Dedoose is an easy-to-use, collaborative, web based application that facilitates all types of research data management and analysis. Here's what you need to know about how to use it.
A descriptor set is a collection of information that describes the source of your data (e.g., research participants, families, schools, other settings, etc.) at a particular level of analysis.
Clicking on the ‘Add’ button in the ‘Descriptor Sets’ panel header will prompt you to provide a title for the new descriptor set to be added to the project or you can simply begin by using the default set in every project. Clicking the Cog Wheel icon to the right of the Descriptor Set name toggle editing mode, allowing you to rename or delete Descriptor Sets.

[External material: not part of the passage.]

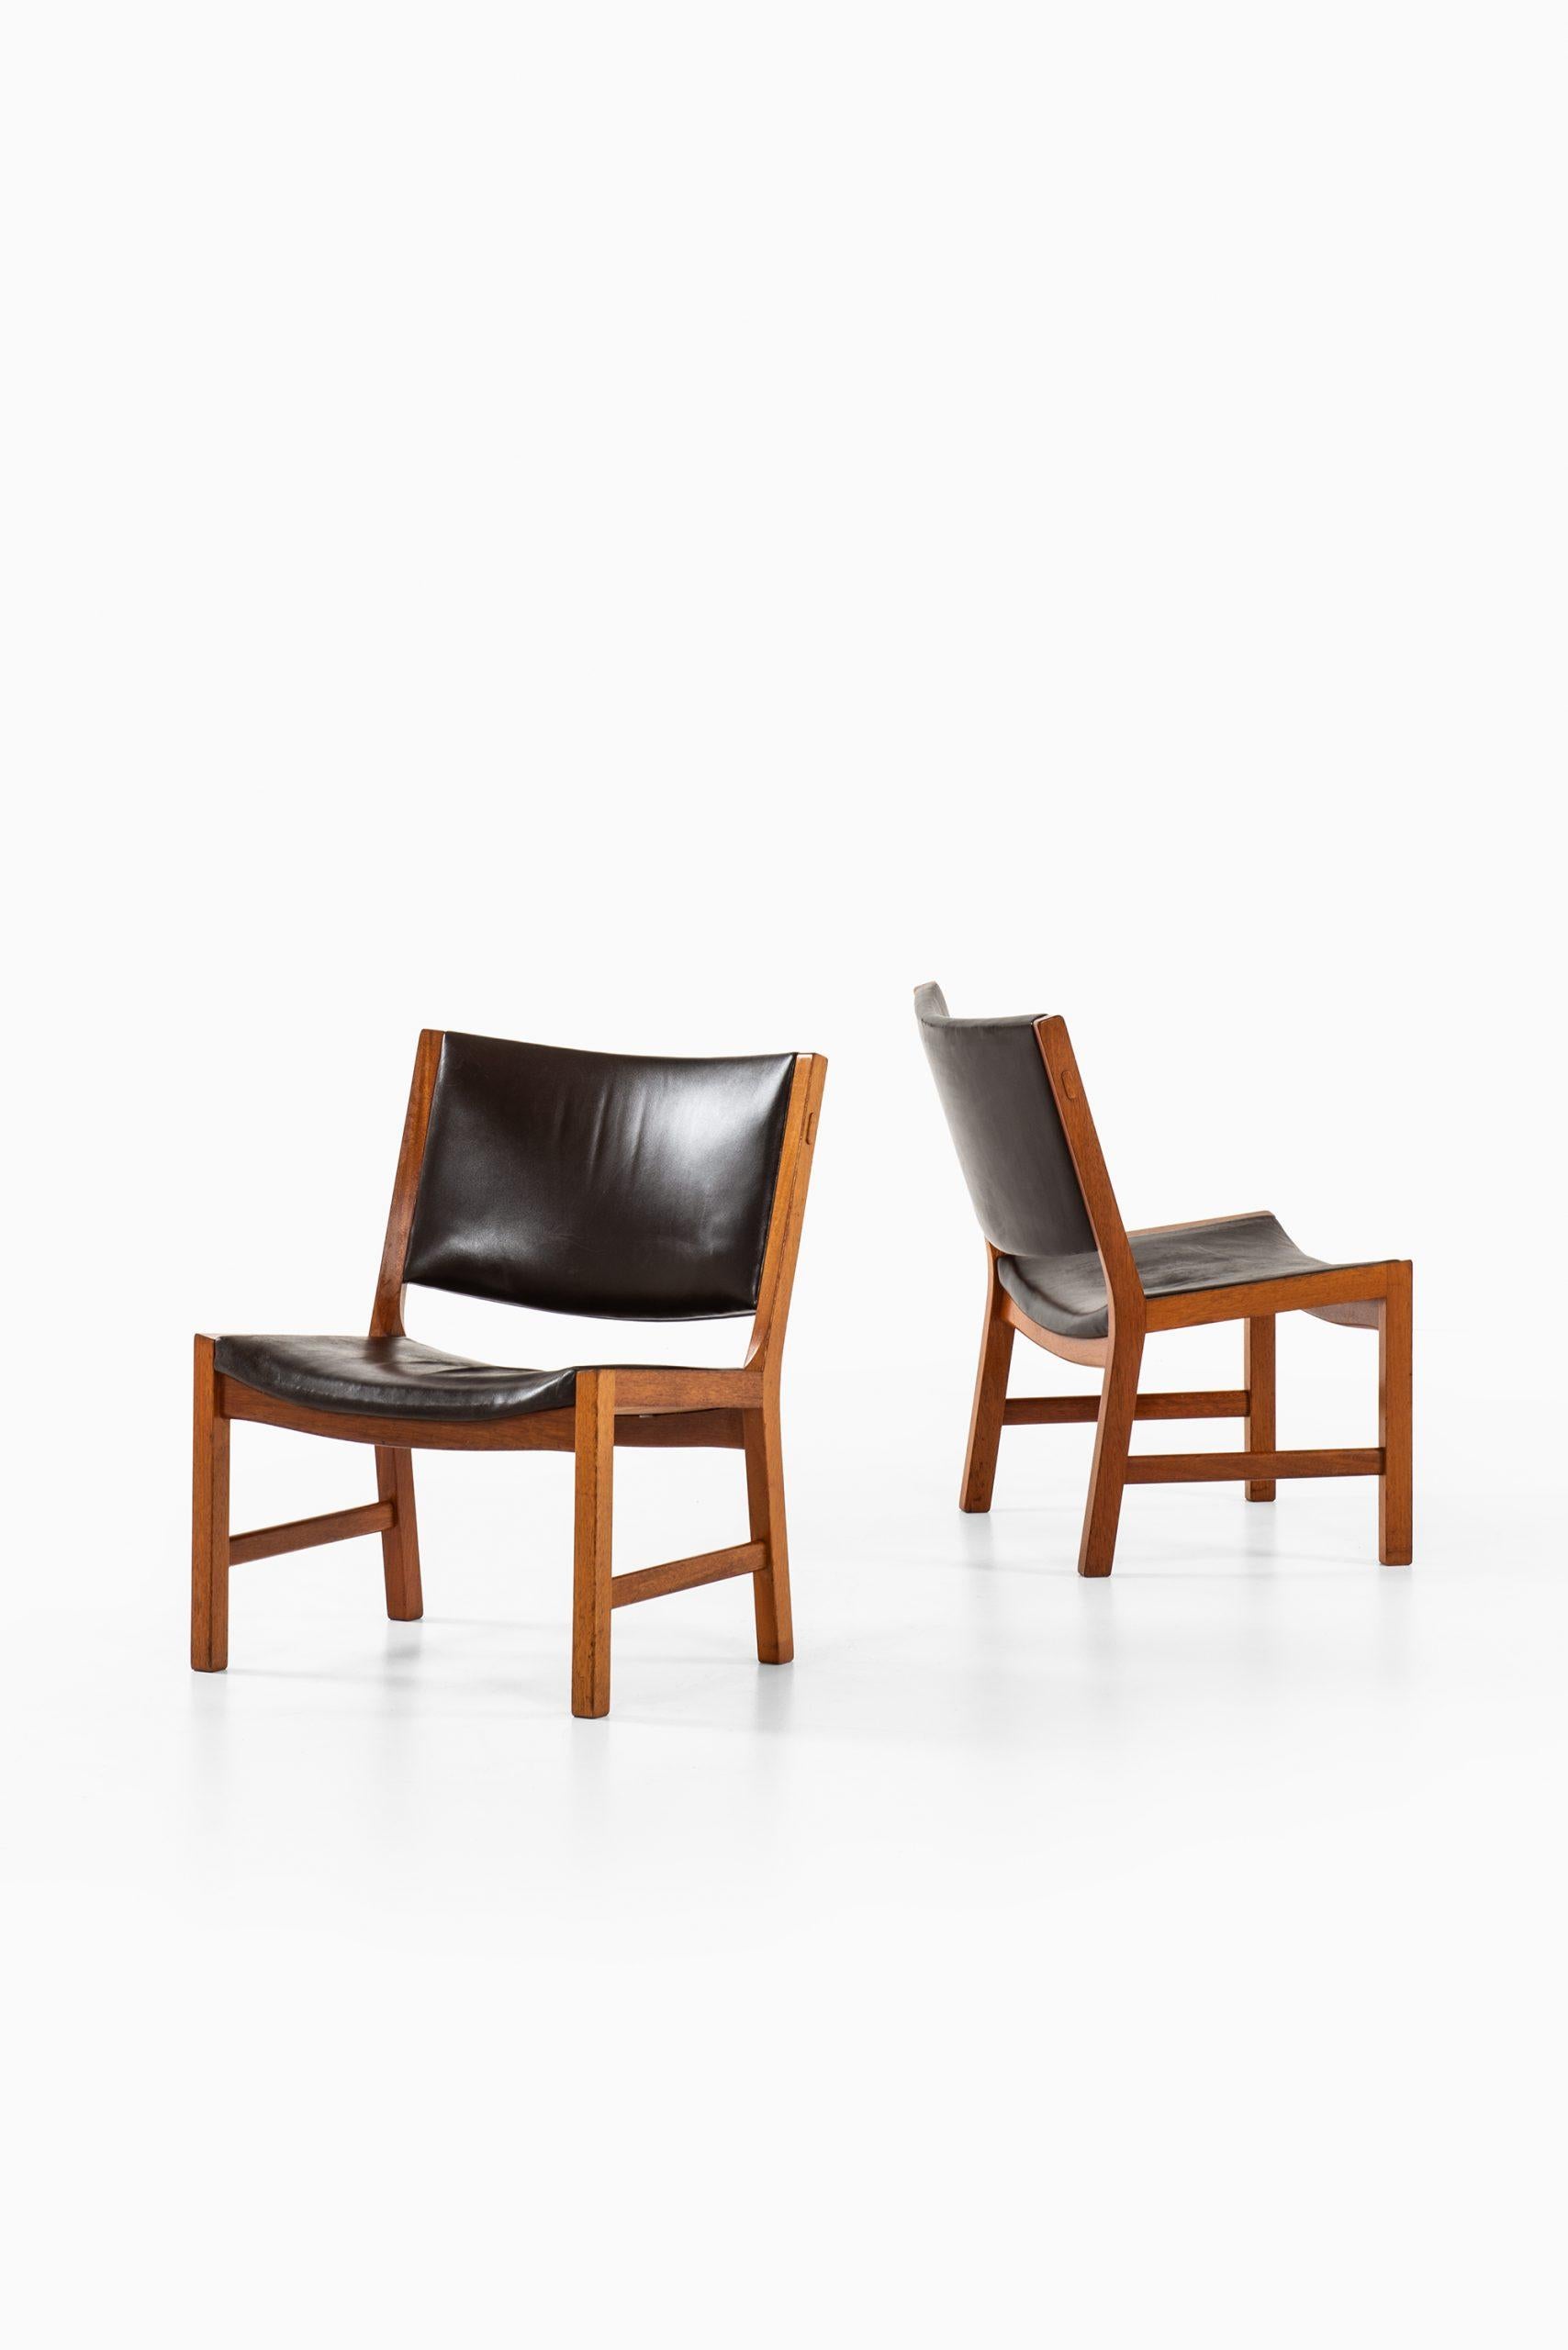 Rare paire de fauteuils modèle JH54 conçus par Hans Wegner. Produit par l'ébéniste Johannes Hansen au Danemark.

Using Multiple Descriptor Sets
The use of multiple descriptor sets is ideal for studies focused on questions that look across different levels of analysis. For example, if a study is comparing student outcomes across different school districts there might be three levels of data: 1) the district, 2) the schools within each district, and 3) the students within each school. Commonly, different sets of descriptor fields/variables would be collected to distinguish the cases at each level (i.e., district level fields might include average family annual income, square miles of capture area, percent rural versus urban neighborhoods; school level fields might include size of student population, student-teacher ratio, percent of children on free lunch program; and student level fields might include age, gender, grade level, size of family, language spoken at home, and standardized-test scores).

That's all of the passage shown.